Bhola, a cognitively challenged person who is born with all physical faculties, is thrown in a room with a girl. Forget the dramatic element that has been created. People are rightly befuddled when they see how Bhola who has subpar cognition suddenly charges at his new bride and not only successfully rapes her but also actually impregnates her. I mean, let’s be adults here, people! Sex is natural but it’s not that natural. In fact, most people have vague sexual encounters before a definite one, even in a marital and sexual relationship. Research proves it.

My argument here isn’t with the ethicality of rape. My concern is the light in which the writer has shown a cognitively challenged person. She has actually reduced this person to a sexual predator. She has made people even more fearful of a SN man just by virtue of this single-dimensional approach to this man. His sexuality has been highlighted in the context of rape. People, who should’ve been angered at the rape, are now angered at the SN population and are further passing ostentatious decrees about how these individuals can’t be allowed to mix with the general public. The argument is that they’re not in control of their emotions. Some people are going so far as to say that if a man can’t take care of himself then he should be denied a partner. They’re saying that this is the end of the story and there are no two ways about it. Let me again refer you to the above discussion and try to establish the fact that this isn’t as straightforward.

I would actually have found some exoneration of us if the writer had shown a cognitively challenged girl getting raped by an able-bodied man. That would’ve been more in line with statistics. That would’ve asked people to see whether SN individuals are protected and safeguarded as they should be. If their predisposition to sexual abuse is identified!

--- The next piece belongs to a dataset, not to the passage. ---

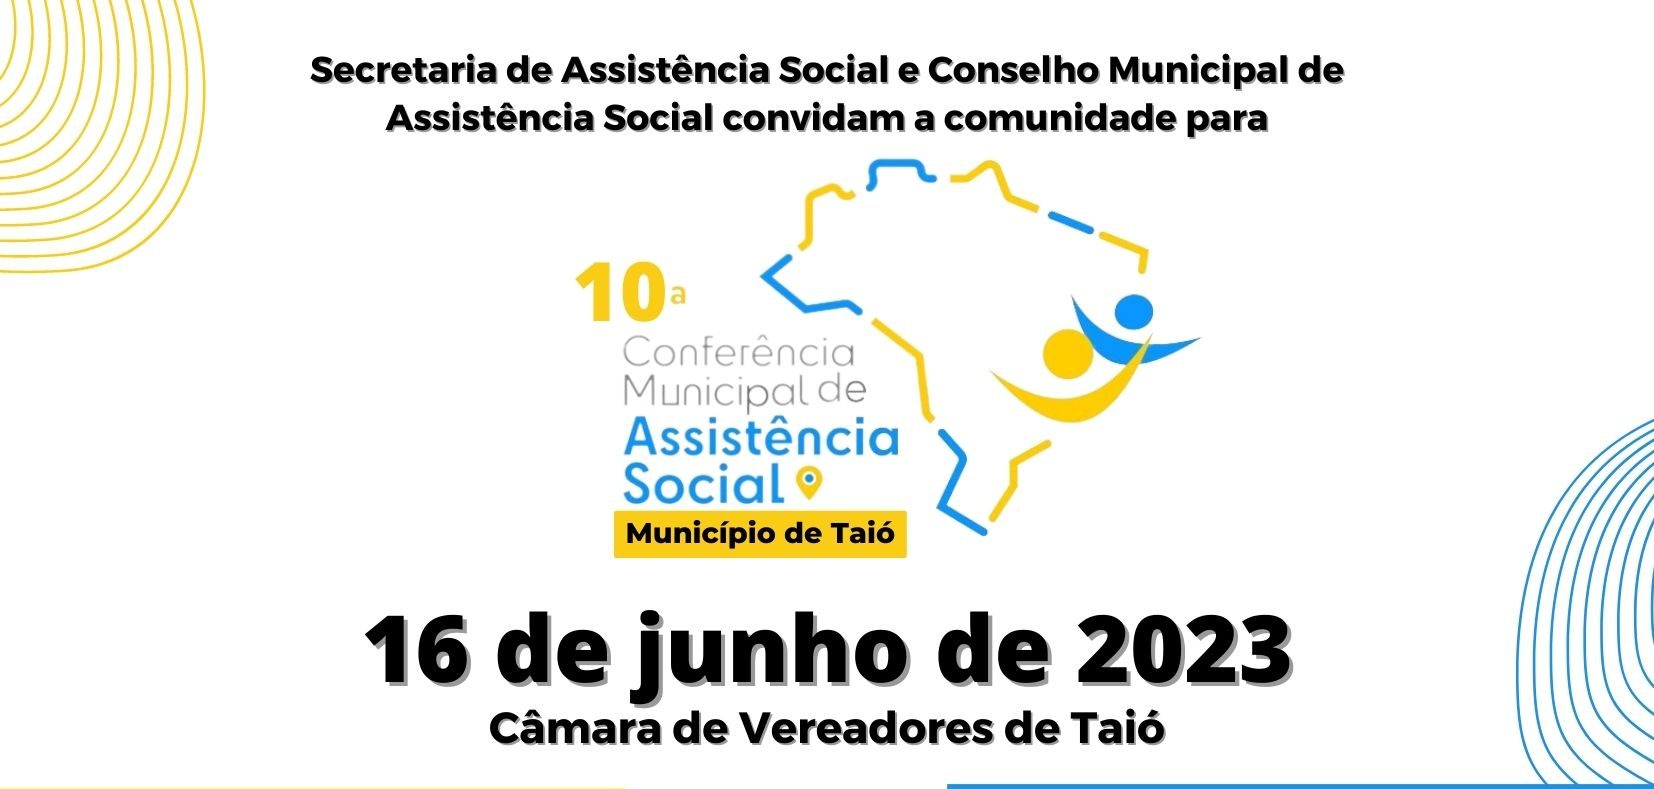 X Conferência Municipal de Assistência Social acontecerá em junho em Taió

But the writer actually opened an ethical question for the girl! Someone like me might ask why the girl felt so lonely and alone and homeless and pathetic and without means and resourceless that she chose to settle for a man who couldn’t be a husband, at least not around the time that the rape happened. Someone like me might ask why the Pakistan penal code for sexual crimes wasn’t quoted . Someone like me might ask why Noori was presumed to be even more at a disadvantage than a cognitively challenged man. Someone like me might ask why a woman is so helpless that despite being somewhat educated, despite knowing right from wrong, despite knowing her place in her own eyes, she chose to not only marry him but actually continue to live with him. A cognitively challenged man, in all likelihood, will continue to rape her throughout their marriage. Fortunately Bhola is shown to be improving. But do you see how there are two victims here?

Bhola was put at a disadvantage just as much as Noori. Does anyone think that he consented for it? People’s anger is directed towards Bhola but not towards the people who orchestrated the marriage or Noori who didn’t choose to not be a part of him until he could give her more. We have opened our judgement on Bhola but Noori is justified for taking advantage of his challenges by entering a marriage where truly the weaker consenting party is Bhola. Even in a patriarchal society like Pakistan, Noori enjoyed an advantage in this relationship.

3. Noori is raped and her mother-in-law is happy that Bhola at least understands a sexual relationship. Hardly anything to write home about. Sex is instinctive so anyone can do it. Freud describes sexual activity starting at nine months, taking a break until two years old when it returns for a brief period, then returns at around 7-8, then takes a break and then returns at 12-13 years of age when puberty formally sets in. Noori’s rape is justified because she’s married to her offender. Her offender is a mentally challenged man. See how this plot is completely bereft of any morality?

I’m sure we are good people with good intentions. At least that’s what I’m gonna believe in for the better part of my life. This is a great coping mechanism for me and helps me be an advocate of special needs and humanity and feminism with the same momentum that I had yesterday. But I’ll call you out each time you try to make a show about a theme that you didn’t touch upon seriously before you made a joke of it. I’ll call you out each time you dehumanize a population that’s already marginalized.